Just a word about that: The basic idea behind a reinforcement learning algorithm is this idea of what's called a reward function. What we have to think about is imagine you're trying to train a dog. So every time your dog does something good, you say, "Good dog," and you reward the dog. Every time your dog does something bad, you go, "Bad dog," right? And hopefully, over time, your dog will learn to do the right things to get more of the positive rewards, to get more of the "Good dogs" and to get fewer of the "Bad dogs.”

So the way we teach a helicopter to fly or any of these robots is sort of the same thing. Every time the helicopter crashes, we go, "Bad helicopter," and every time it does the right thing, we go, "Good helicopter," and over time it learns how to control itself so as to get more of these positive rewards.

So reinforcement learning is — I think of it as a way for you to specify what you want done, so you have to specify what is a "good dog" and what is a "bad dog" behavior. And then it's up to the learning algorithm to figure out how to maximize the "good dog" reward signals and minimize the "bad dog" punishments.

So it turns out reinforcement learning is applied to other problems in robotics. It's applied to things in web crawling and so on. But it's just cool to show videos, so let me just show a bunch of them. This learning algorithm was actually implemented by our head TA, Zico, of programming a four-legged dog. I guess Sam Shriver in this class also worked on the project and Peter Renfrew and Mike and a few others. But I guess this really is a good dog/bad dog since it's a robot dog.

The second video on the right, some of the students, I guess Peter, Zico, Tonca working on a robotic snake, again using learning algorithms to teach a snake robot to climb over obstacles.

Below that, this is kind of a fun example. Ashutosh Saxena and Jeff Michaels used learning algorithms to teach a car how to drive at reasonably high speeds off roads avoiding obstacles.

And on the lower right, that's a robot programmed by PhD student Eva Roshen to teach a sort of somewhat strangely configured robot how to get on top of an obstacle, how to get over an obstacle. Sorry. I know the video's kind of small. I hope you can sort of see it. Okay?

So I think all of these are robots that I think are very difficult to hand-code a controller for by learning these sorts of learning algorithms. You can in relatively short order get a robot to do often pretty amazing things.

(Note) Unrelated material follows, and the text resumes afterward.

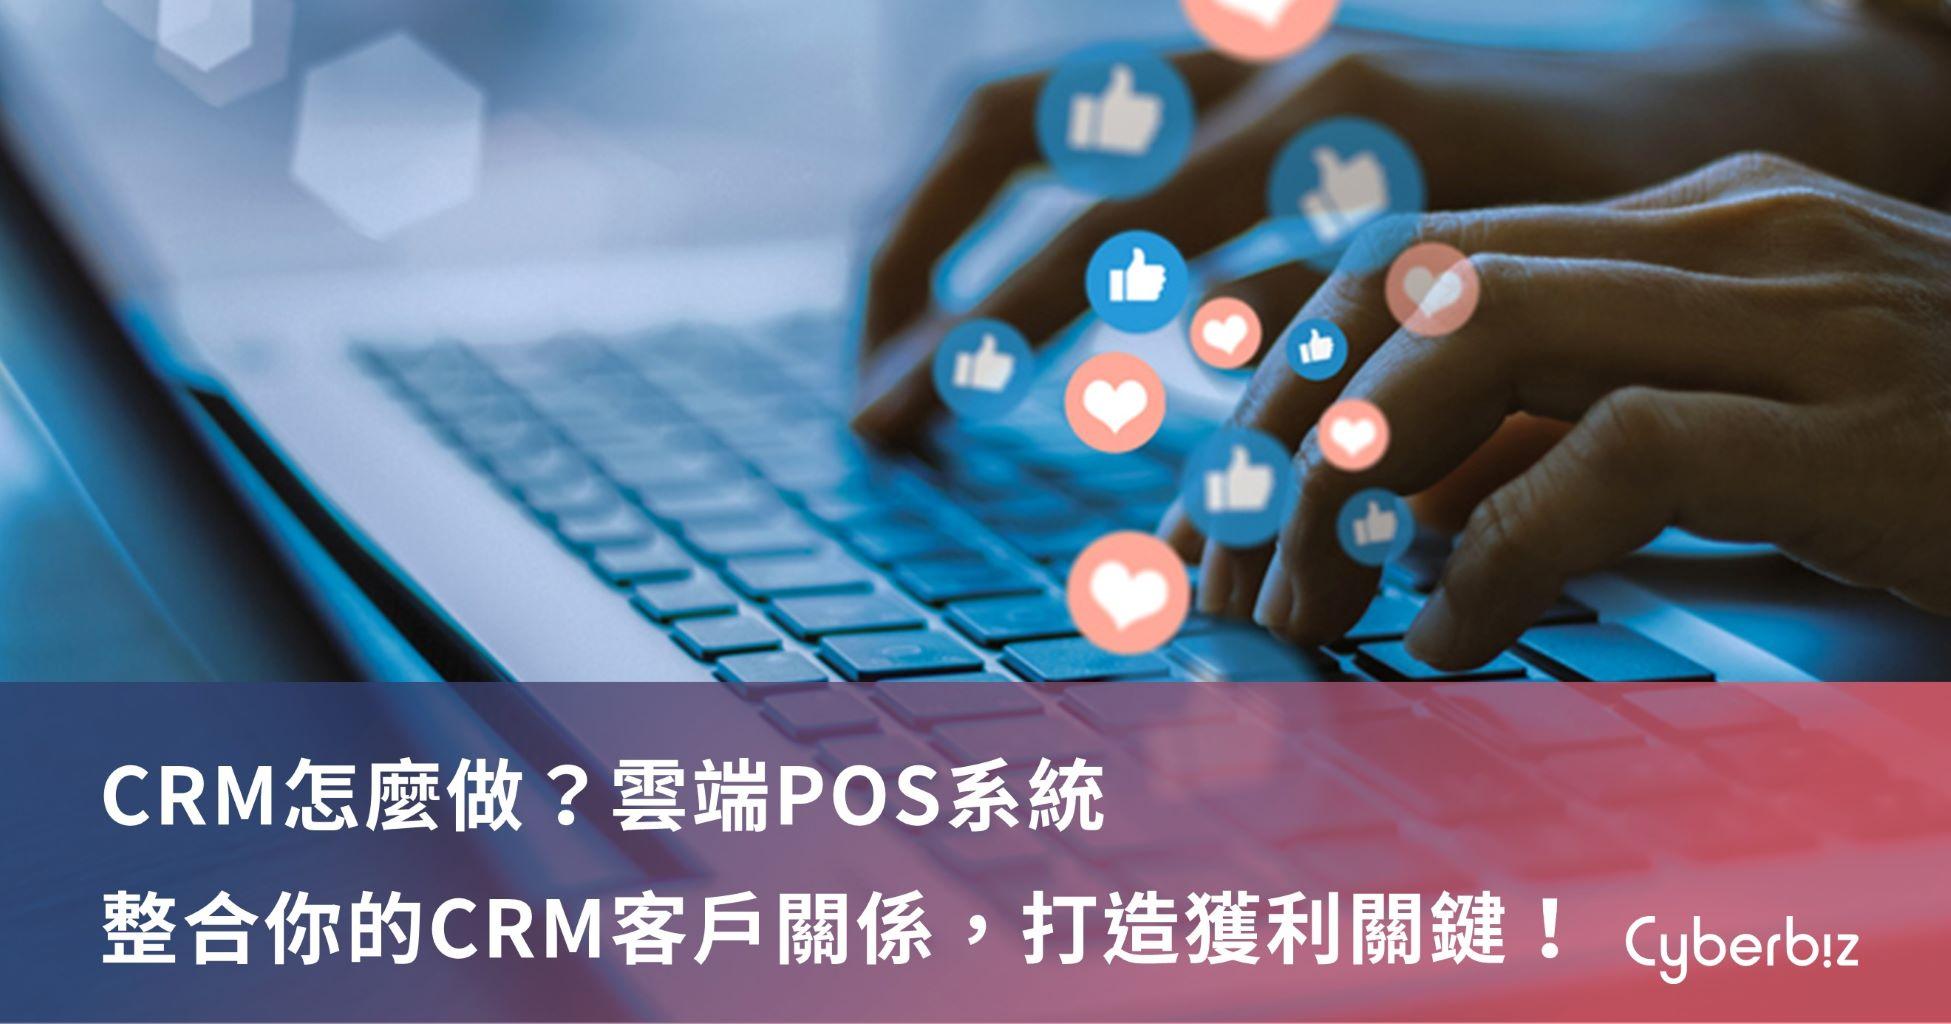 CRM怎麼做?雲端POS系統整合你的CRM客戶關係,打造獲利關鍵!

Okay. So that was most of what I wanted to say today. Just a couple more last things, but let me just check what questions you have right now. So if there are no questions, I'll just close with two reminders, which are after class today or as you start to talk with other people in this class, I just encourage you again to start to form project partners, to try to find project partners to do your project with. And also, this is a good time to start forming study groups, so either talk to your friends or post in the newsgroup, but we just encourage you to try to start to do both of those today, okay? Form study groups, and try to find two other project partners.

So thank you. I'm looking forward to teaching this class, and I'll see you in a couple of days.